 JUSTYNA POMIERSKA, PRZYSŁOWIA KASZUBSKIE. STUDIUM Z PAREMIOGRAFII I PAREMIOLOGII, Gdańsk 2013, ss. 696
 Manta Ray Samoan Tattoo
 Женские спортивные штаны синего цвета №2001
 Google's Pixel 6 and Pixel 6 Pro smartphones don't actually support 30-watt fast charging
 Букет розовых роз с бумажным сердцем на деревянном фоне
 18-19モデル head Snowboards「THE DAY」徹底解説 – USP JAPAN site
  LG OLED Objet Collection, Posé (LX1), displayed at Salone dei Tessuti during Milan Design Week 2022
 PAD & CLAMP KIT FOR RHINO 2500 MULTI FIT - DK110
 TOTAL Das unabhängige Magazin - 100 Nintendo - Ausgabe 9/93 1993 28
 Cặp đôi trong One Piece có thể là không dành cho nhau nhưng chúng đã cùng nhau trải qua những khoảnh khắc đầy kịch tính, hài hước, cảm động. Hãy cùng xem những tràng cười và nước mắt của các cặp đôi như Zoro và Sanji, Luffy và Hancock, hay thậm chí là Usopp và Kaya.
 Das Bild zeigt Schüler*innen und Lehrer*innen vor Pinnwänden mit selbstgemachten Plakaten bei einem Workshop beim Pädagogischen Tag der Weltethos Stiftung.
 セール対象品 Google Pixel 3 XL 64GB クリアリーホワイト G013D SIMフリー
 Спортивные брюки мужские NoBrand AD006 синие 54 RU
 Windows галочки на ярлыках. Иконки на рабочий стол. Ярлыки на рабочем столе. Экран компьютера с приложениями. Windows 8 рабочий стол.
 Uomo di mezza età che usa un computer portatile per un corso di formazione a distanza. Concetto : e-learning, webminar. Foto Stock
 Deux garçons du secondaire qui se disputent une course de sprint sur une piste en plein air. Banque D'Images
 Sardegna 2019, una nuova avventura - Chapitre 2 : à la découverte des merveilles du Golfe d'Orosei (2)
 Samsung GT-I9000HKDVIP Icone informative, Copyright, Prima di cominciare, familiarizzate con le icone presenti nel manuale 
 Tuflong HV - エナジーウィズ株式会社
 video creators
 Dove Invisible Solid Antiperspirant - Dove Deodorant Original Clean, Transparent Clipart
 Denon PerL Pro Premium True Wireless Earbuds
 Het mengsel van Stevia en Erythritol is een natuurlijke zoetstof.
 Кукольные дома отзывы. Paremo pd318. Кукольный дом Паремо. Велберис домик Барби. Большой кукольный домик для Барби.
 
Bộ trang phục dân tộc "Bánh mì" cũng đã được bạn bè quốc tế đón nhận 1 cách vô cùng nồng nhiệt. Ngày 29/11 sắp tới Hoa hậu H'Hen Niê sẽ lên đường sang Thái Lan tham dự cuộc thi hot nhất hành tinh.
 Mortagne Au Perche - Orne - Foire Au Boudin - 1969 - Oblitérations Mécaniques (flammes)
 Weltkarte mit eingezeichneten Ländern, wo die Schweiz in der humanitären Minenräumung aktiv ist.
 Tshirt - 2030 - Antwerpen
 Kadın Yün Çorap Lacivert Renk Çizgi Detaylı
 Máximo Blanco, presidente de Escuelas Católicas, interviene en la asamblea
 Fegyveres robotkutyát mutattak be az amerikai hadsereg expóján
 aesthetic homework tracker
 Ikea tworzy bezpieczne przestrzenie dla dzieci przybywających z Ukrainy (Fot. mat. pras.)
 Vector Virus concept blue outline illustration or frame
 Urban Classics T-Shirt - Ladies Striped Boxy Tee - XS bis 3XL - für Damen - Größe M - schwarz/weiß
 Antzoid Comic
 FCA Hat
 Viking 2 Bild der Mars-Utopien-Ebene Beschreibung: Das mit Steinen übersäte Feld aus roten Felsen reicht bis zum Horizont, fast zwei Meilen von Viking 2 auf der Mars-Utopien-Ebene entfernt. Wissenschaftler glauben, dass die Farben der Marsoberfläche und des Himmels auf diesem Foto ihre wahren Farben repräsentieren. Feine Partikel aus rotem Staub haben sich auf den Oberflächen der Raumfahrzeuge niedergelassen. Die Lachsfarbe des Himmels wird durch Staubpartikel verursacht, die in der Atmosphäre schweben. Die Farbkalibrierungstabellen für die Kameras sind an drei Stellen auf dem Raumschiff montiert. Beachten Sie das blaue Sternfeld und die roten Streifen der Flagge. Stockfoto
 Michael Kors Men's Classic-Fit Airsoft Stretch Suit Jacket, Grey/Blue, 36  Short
====================
Take the entries above and repeat them verbatim.

 JUSTYNA POMIERSKA, PRZYSŁOWIA KASZUBSKIE. STUDIUM Z PAREMIOGRAFII I PAREMIOLOGII, Gdańsk 2013, ss. 696
 Manta Ray Samoan Tattoo
 Женские спортивные штаны синего цвета №2001
 Google's Pixel 6 and Pixel 6 Pro smartphones don't actually support 30-watt fast charging
 Букет розовых роз с бумажным сердцем на деревянном фоне
 18-19モデル head Snowboards「THE DAY」徹底解説 – USP JAPAN site
  LG OLED Objet Collection, Posé (LX1), displayed at Salone dei Tessuti during Milan Design Week 2022
 PAD & CLAMP KIT FOR RHINO 2500 MULTI FIT - DK110
 TOTAL Das unabhängige Magazin - 100 Nintendo - Ausgabe 9/93 1993 28
 Cặp đôi trong One Piece có thể là không dành cho nhau nhưng chúng đã cùng nhau trải qua những khoảnh khắc đầy kịch tính, hài hước, cảm động. Hãy cùng xem những tràng cười và nước mắt của các cặp đôi như Zoro và Sanji, Luffy và Hancock, hay thậm chí là Usopp và Kaya.
 Das Bild zeigt Schüler*innen und Lehrer*innen vor Pinnwänden mit selbstgemachten Plakaten bei einem Workshop beim Pädagogischen Tag der Weltethos Stiftung.
 セール対象品 Google Pixel 3 XL 64GB クリアリーホワイト G013D SIMフリー
 Спортивные брюки мужские NoBrand AD006 синие 54 RU
 Windows галочки на ярлыках. Иконки на рабочий стол. Ярлыки на рабочем столе. Экран компьютера с приложениями. Windows 8 рабочий стол.
 Uomo di mezza età che usa un computer portatile per un corso di formazione a distanza. Concetto : e-learning, webminar. Foto Stock
 Deux garçons du secondaire qui se disputent une course de sprint sur une piste en plein air. Banque D'Images
 Sardegna 2019, una nuova avventura - Chapitre 2 : à la découverte des merveilles du Golfe d'Orosei (2)
 Samsung GT-I9000HKDVIP Icone informative, Copyright, Prima di cominciare, familiarizzate con le icone presenti nel manuale 
 Tuflong HV - エナジーウィズ株式会社
 video creators
 Dove Invisible Solid Antiperspirant - Dove Deodorant Original Clean, Transparent Clipart
 Denon PerL Pro Premium True Wireless Earbuds
 Het mengsel van Stevia en Erythritol is een natuurlijke zoetstof.
 Кукольные дома отзывы. Paremo pd318. Кукольный дом Паремо. Велберис домик Барби. Большой кукольный домик для Барби.
 
Bộ trang phục dân tộc "Bánh mì" cũng đã được bạn bè quốc tế đón nhận 1 cách vô cùng nồng nhiệt. Ngày 29/11 sắp tới Hoa hậu H'Hen Niê sẽ lên đường sang Thái Lan tham dự cuộc thi hot nhất hành tinh.
 Mortagne Au Perche - Orne - Foire Au Boudin - 1969 - Oblitérations Mécaniques (flammes)
 Weltkarte mit eingezeichneten Ländern, wo die Schweiz in der humanitären Minenräumung aktiv ist.
 Tshirt - 2030 - Antwerpen
 Kadın Yün Çorap Lacivert Renk Çizgi Detaylı
 Máximo Blanco, presidente de Escuelas Católicas, interviene en la asamblea
 Fegyveres robotkutyát mutattak be az amerikai hadsereg expóján
 aesthetic homework tracker
 Ikea tworzy bezpieczne przestrzenie dla dzieci przybywających z Ukrainy (Fot. mat. pras.)
 Vector Virus concept blue outline illustration or frame
 Urban Classics T-Shirt - Ladies Striped Boxy Tee - XS bis 3XL - für Damen - Größe M - schwarz/weiß
 Antzoid Comic
 FCA Hat
 Viking 2 Bild der Mars-Utopien-Ebene Beschreibung: Das mit Steinen übersäte Feld aus roten Felsen reicht bis zum Horizont, fast zwei Meilen von Viking 2 auf der Mars-Utopien-Ebene entfernt. Wissenschaftler glauben, dass die Farben der Marsoberfläche und des Himmels auf diesem Foto ihre wahren Farben repräsentieren. Feine Partikel aus rotem Staub haben sich auf den Oberflächen der Raumfahrzeuge niedergelassen. Die Lachsfarbe des Himmels wird durch Staubpartikel verursacht, die in der Atmosphäre schweben. Die Farbkalibrierungstabellen für die Kameras sind an drei Stellen auf dem Raumschiff montiert. Beachten Sie das blaue Sternfeld und die roten Streifen der Flagge. Stockfoto
 Michael Kors Men's Classic-Fit Airsoft Stretch Suit Jacket, Grey/Blue, 36  Short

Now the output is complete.